Immigrant advocates have expressed disappointment with Biden’s new executive orders, including Linda Rivas, an immigrant attorney and director of the Las Americas Immigrant Advocacy Center, who represents people caught up in the “Remain in Mexico” program.

She told CNN how she has been trying to console her clients over the last week, including a Honduran mother who was raped while waiting in Mexico under Trump’s policy and is now worried about her 11-year-old son. Rivas explained the current situation for asylum seekers: “Definitely a loss of hope. The trauma they are enduring is unimaginable.”

The third order requires a “top-to-bottom review of recent regulations, policies and guidance that have set up barriers to our legal immigration system.” This included revoking Trump’s “public charge” rule, which prevented immigrants from getting a green card, or permanent residence, if they had or were even just likely to receive public assistance, such as housing subsidies.

Meanwhile, the Biden administration has made clear it will be expanding the number of detained immigrant children held in camps along the US-Mexico border by reopening a facility in Carizzo Springs, Texas, designed to hold upwards of 700 children and perhaps more if needed.

The camp will jail unaccompanied children over age 13 who are medically cleared from COVID-19 quarantine, according to the Office of Refugee Resettlement (ORR), the agency under the Department of Health and Human Services (HHS) which is responsible for immigrant children.

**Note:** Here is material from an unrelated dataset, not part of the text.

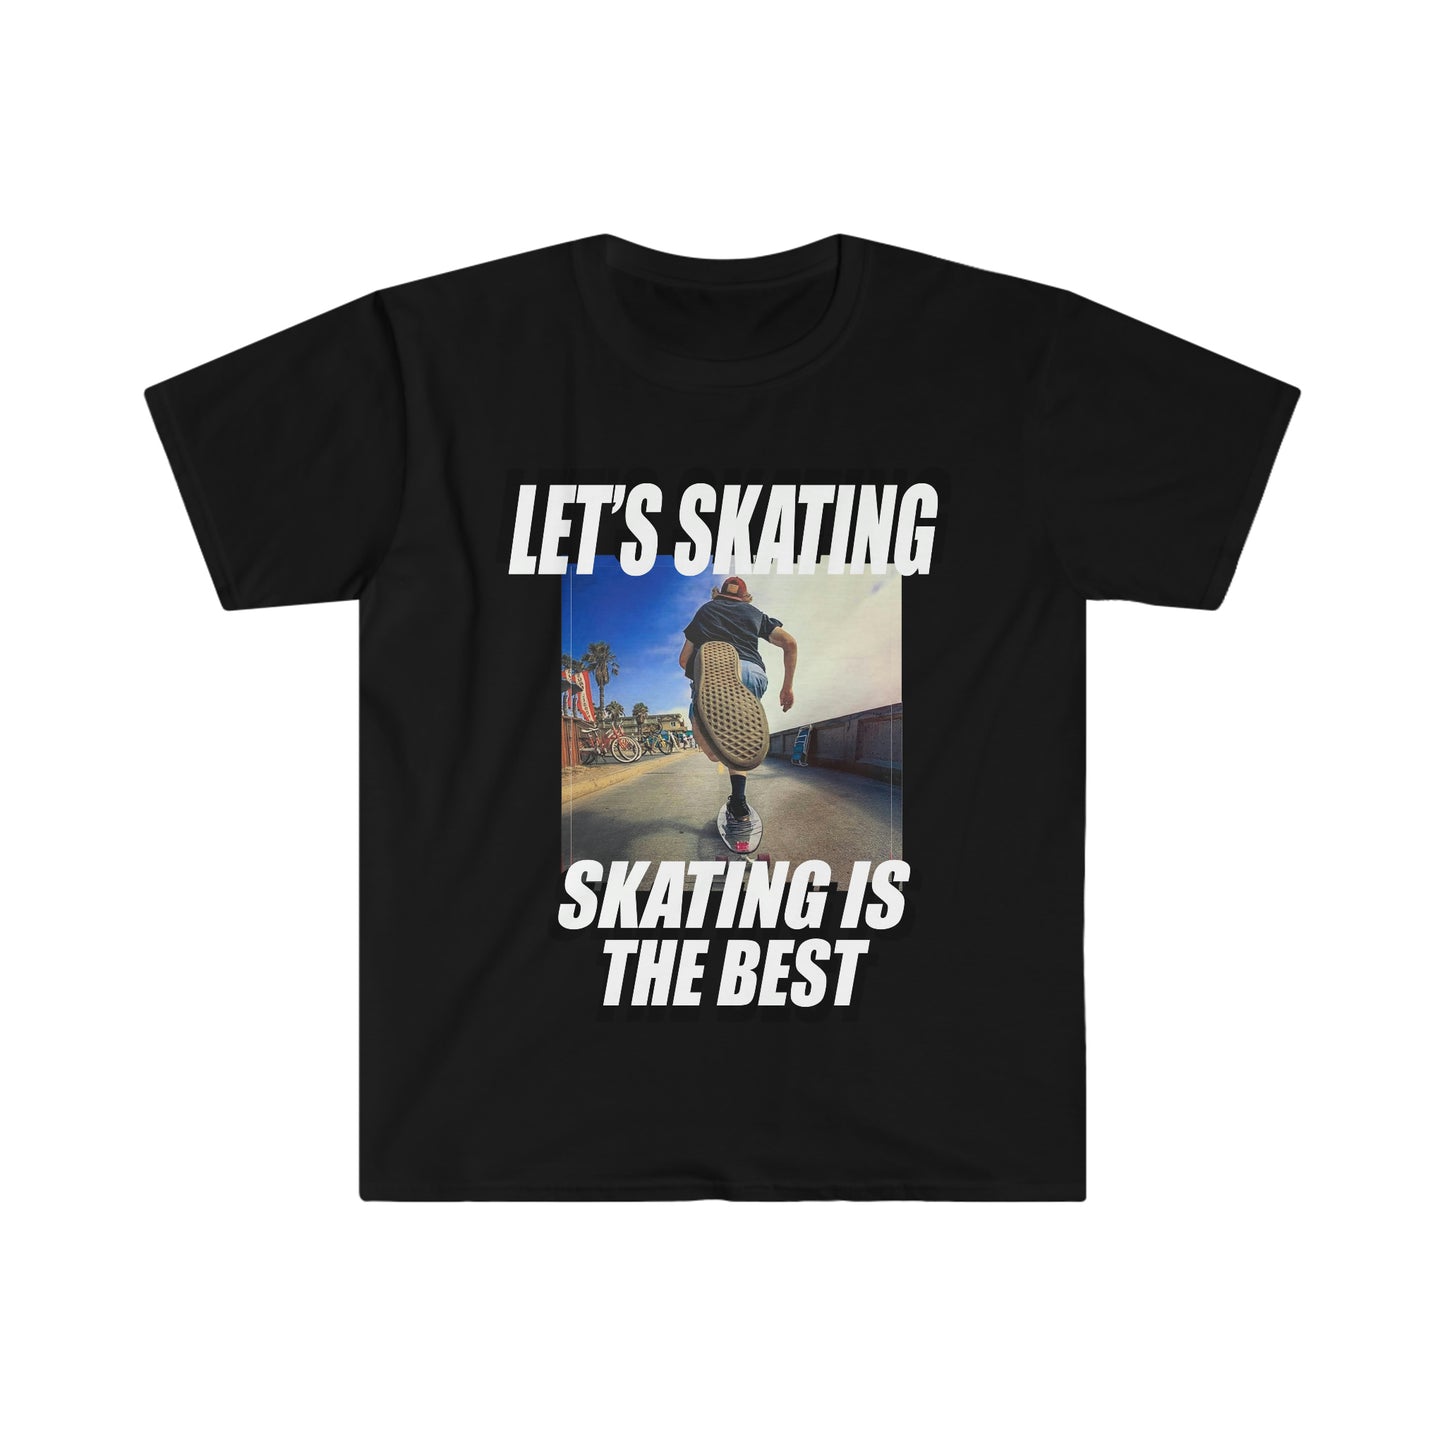 Let's Skating. Skating Is The Best.
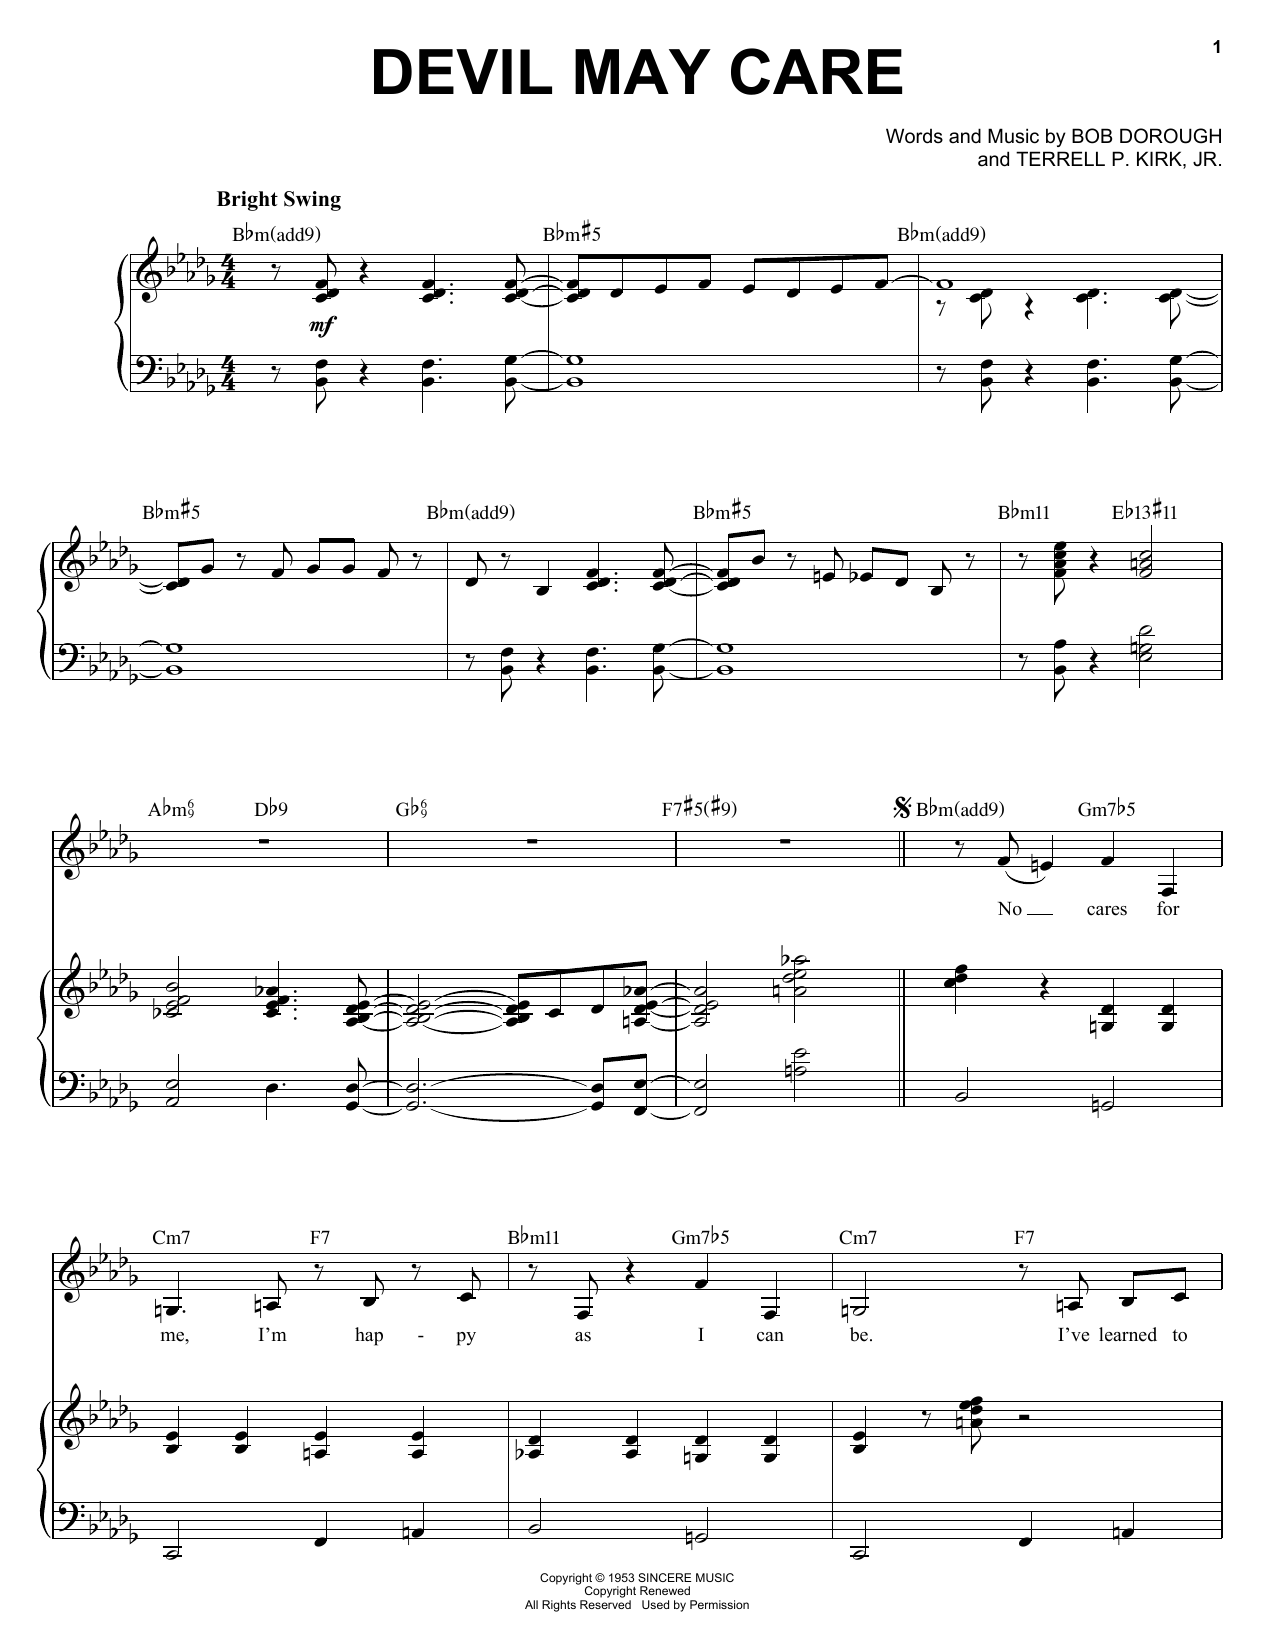 Download Diana Krall Devil May Care Sheet Music

Currently, there are some 4,730 children held by the ORR. The agency has been also dealing with COVID-19 infections among children and staff, with a total of 1,748 confirmed cases among children. According to the agency, more than 21,000 coronavirus tests have been given and the “majority” of infected have recovered and been moved from quarantine.

The Department of Homeland Security under Biden is also poised to expand its processing capacity with Customs and Border Protection (CBP) building soft-sided structures in Donna, Texas, near the Rio Grande Valley, because a nearby processing center is being closed for renovation.

The continued deportations and expansion of detention camps under Biden make a mockery of those who claimed a Democratic administration would reverse Trump’s anti-immigrant policies and provide humane and immediate sanctuary for refugees and asylum seekers. Only the most superficial changes have been announced, and hardly enforced at that, while much of the same policies have been kept.